# Data:
========
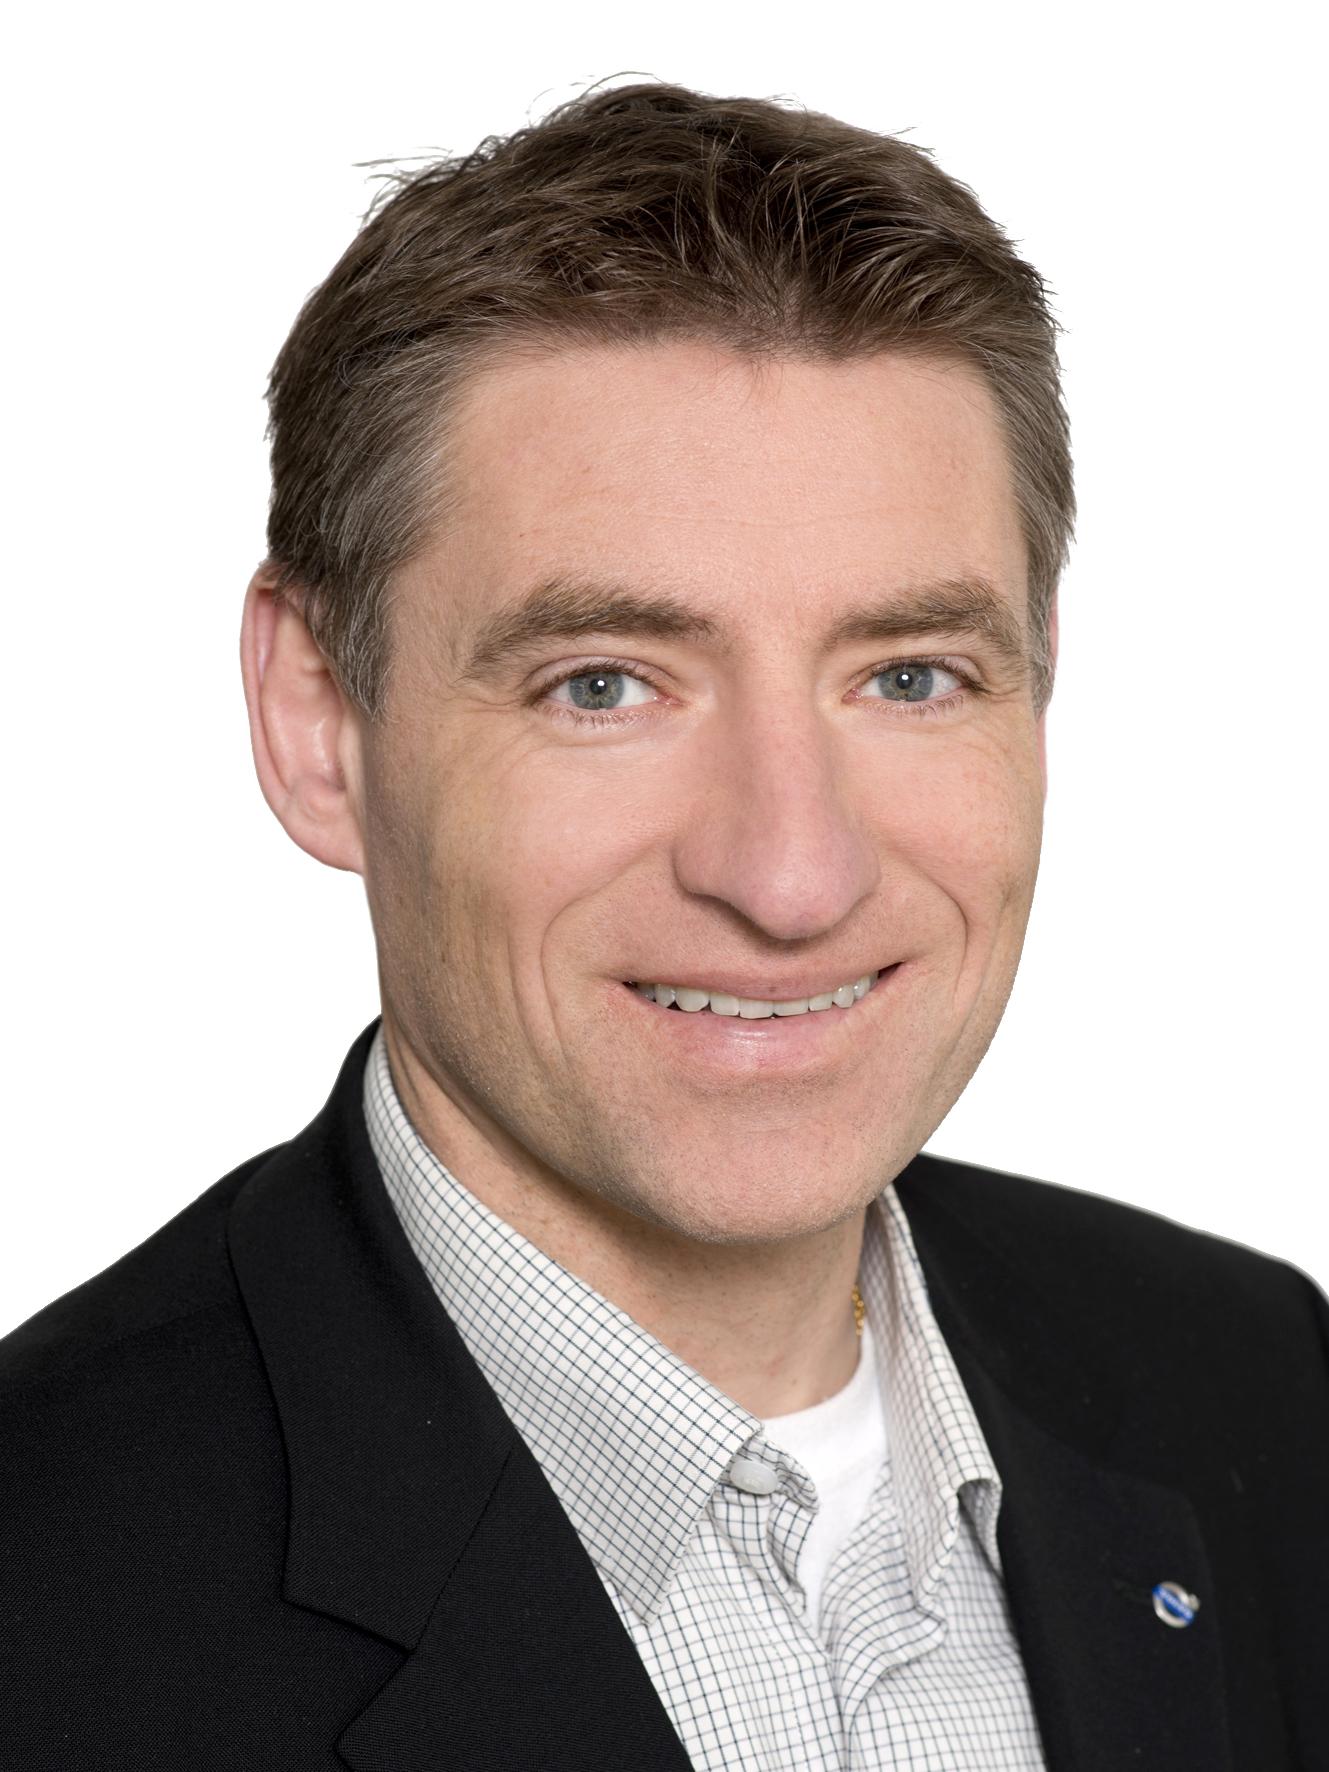 Peter Setterberg
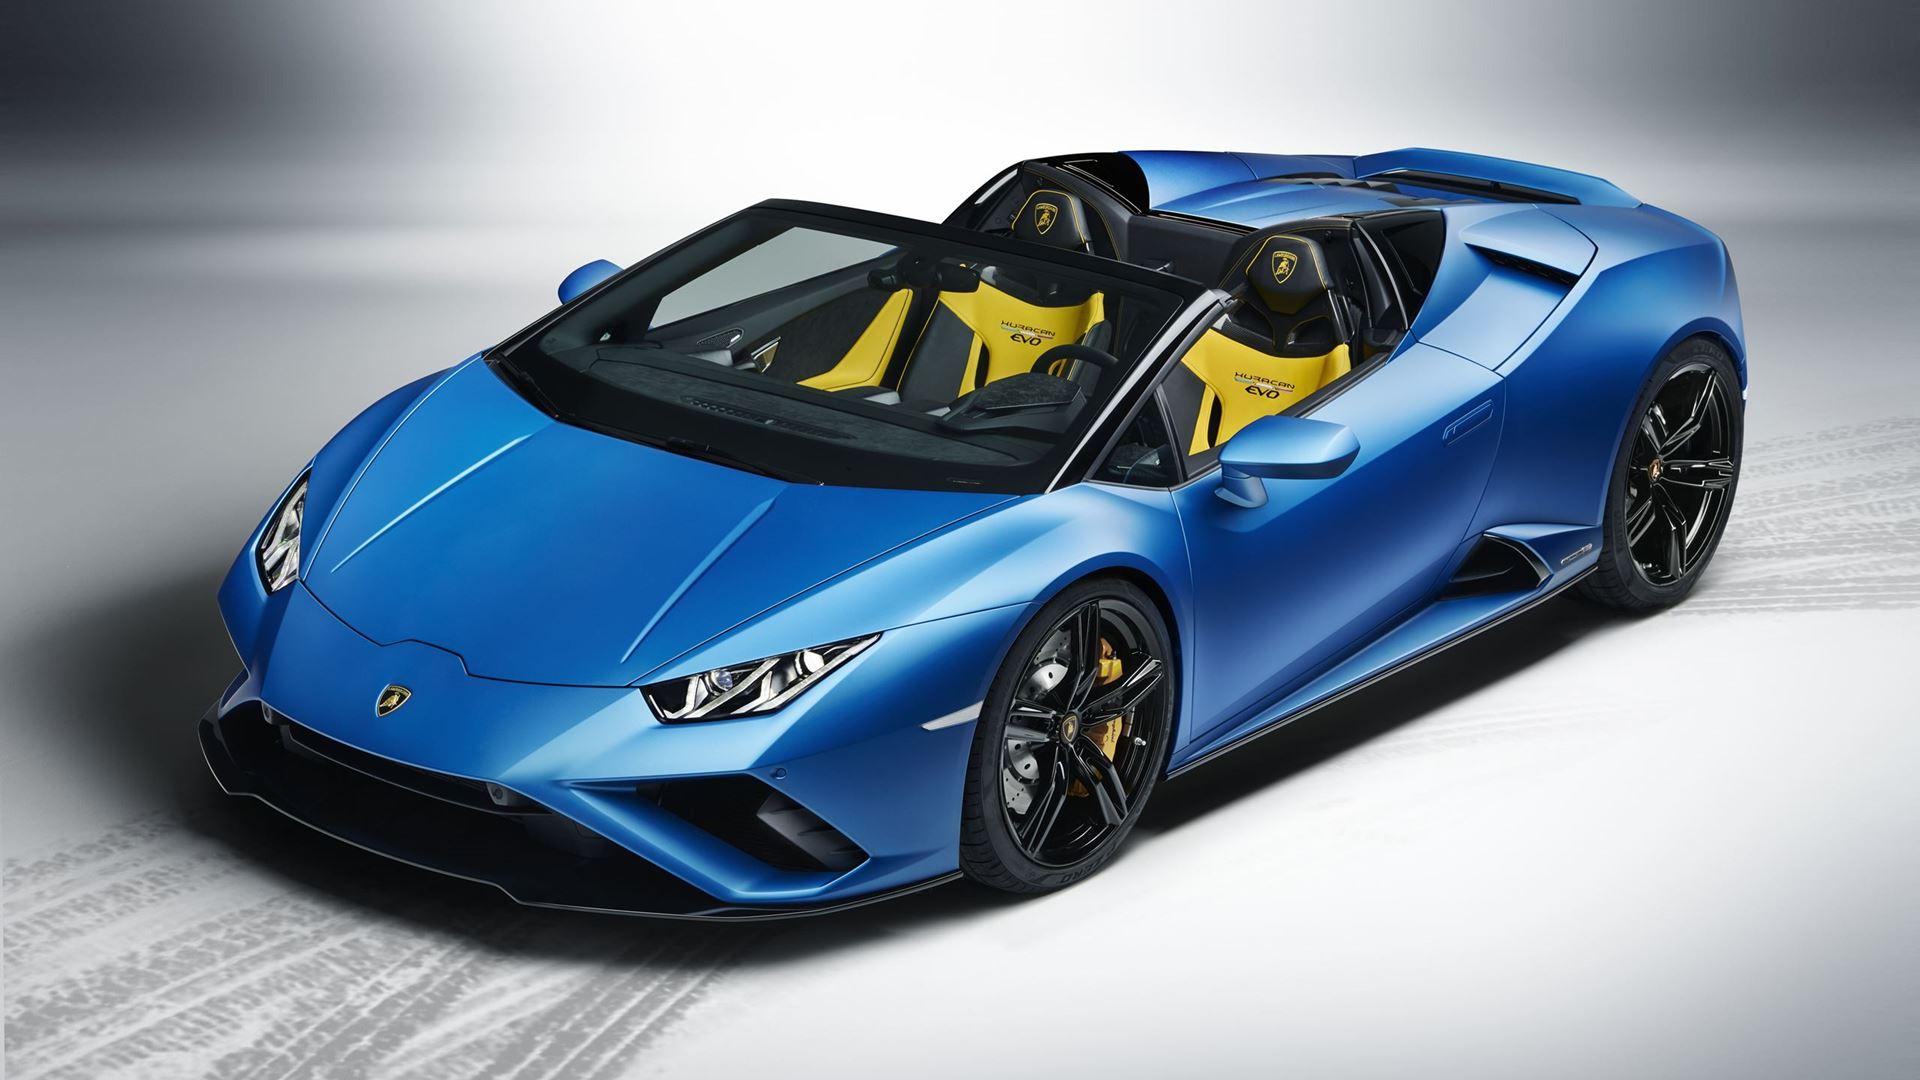 Automobili Lamborghini: sales soaring, record first quarter - Image 6
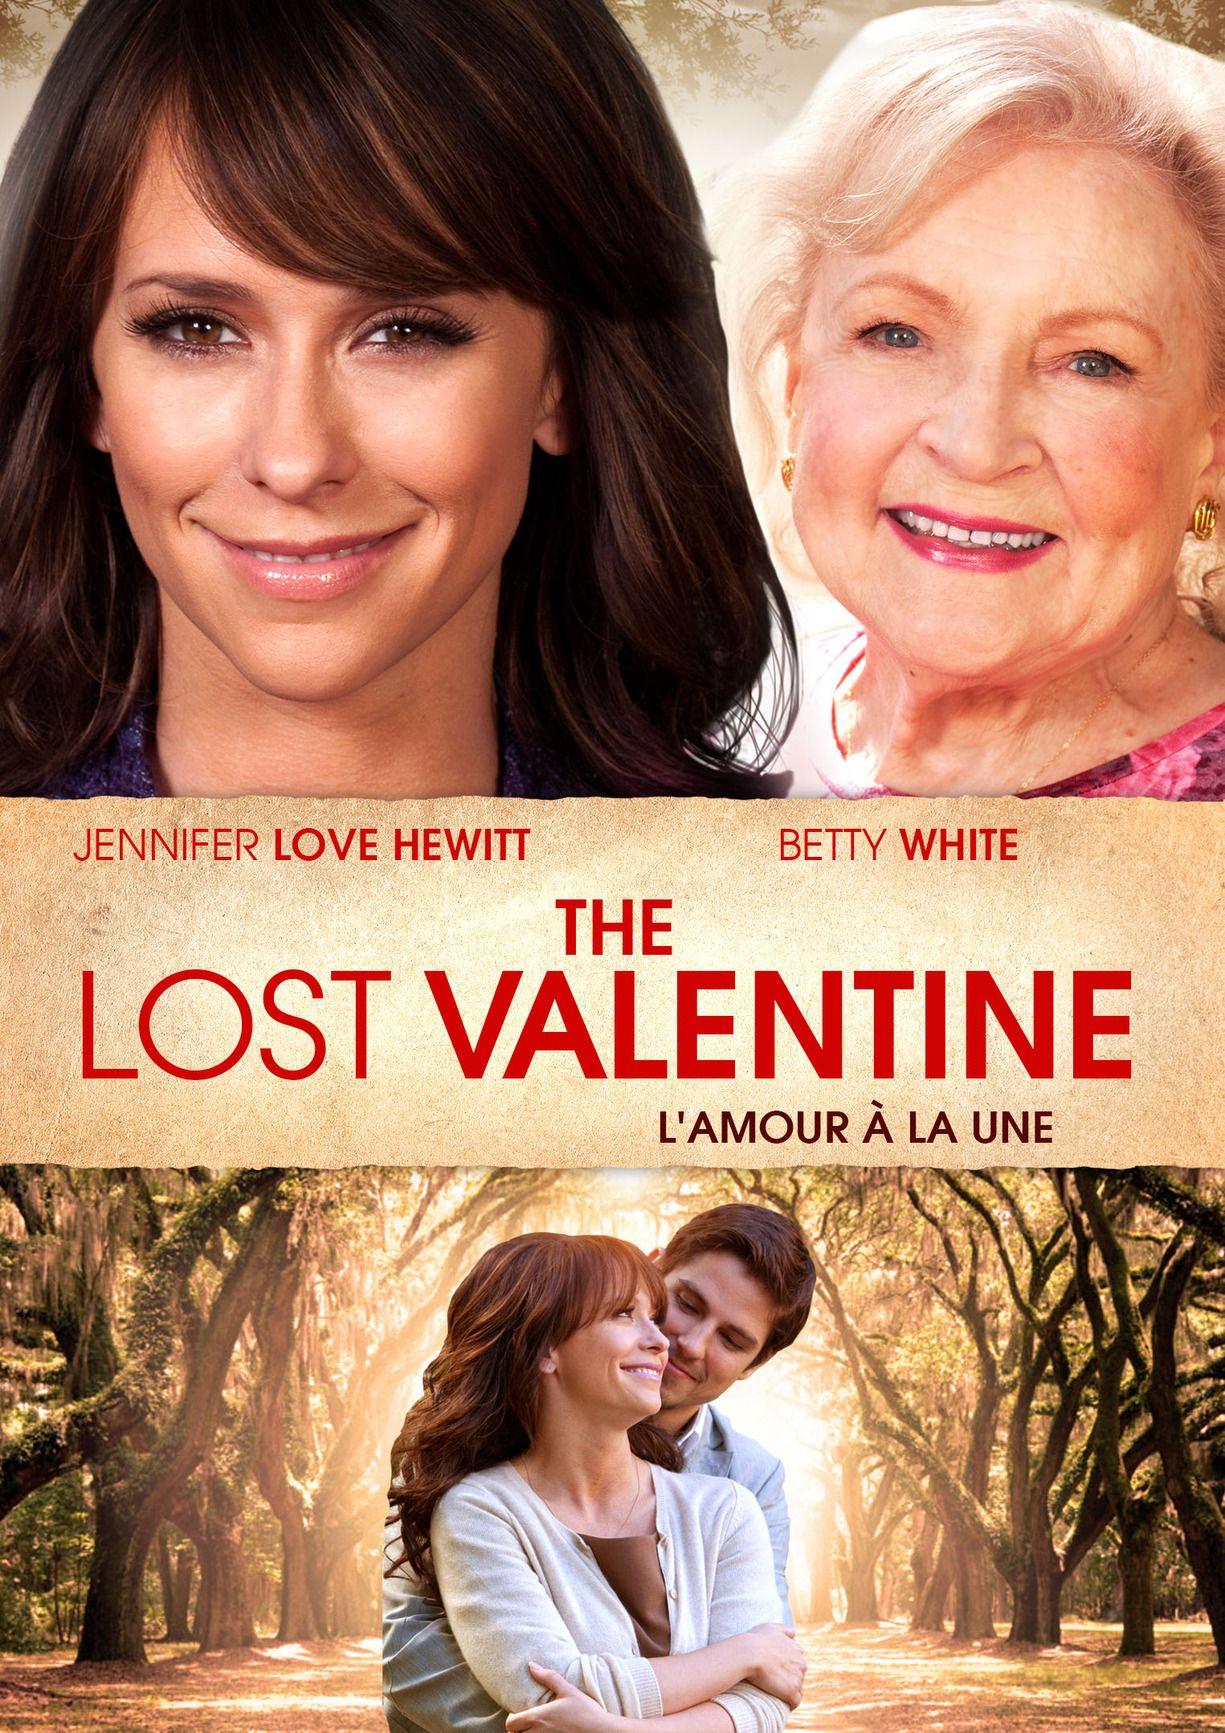 The Lost Valentine Amor Desaparecido 2011 Sean Faris Betty White Meghann Fahy Jennifer Love He Romance Movie Poster Jennifer Love Hewitt Romance Movies
========
From the first line to the last, repeat the listing exactly and skip its images.

 Peter Setterberg
 Automobili Lamborghini: sales soaring, record first quarter - Image 6
 The Lost Valentine Amor Desaparecido 2011 Sean Faris Betty White Meghann Fahy Jennifer Love He Romance Movie Poster Jennifer Love Hewitt Romance Movies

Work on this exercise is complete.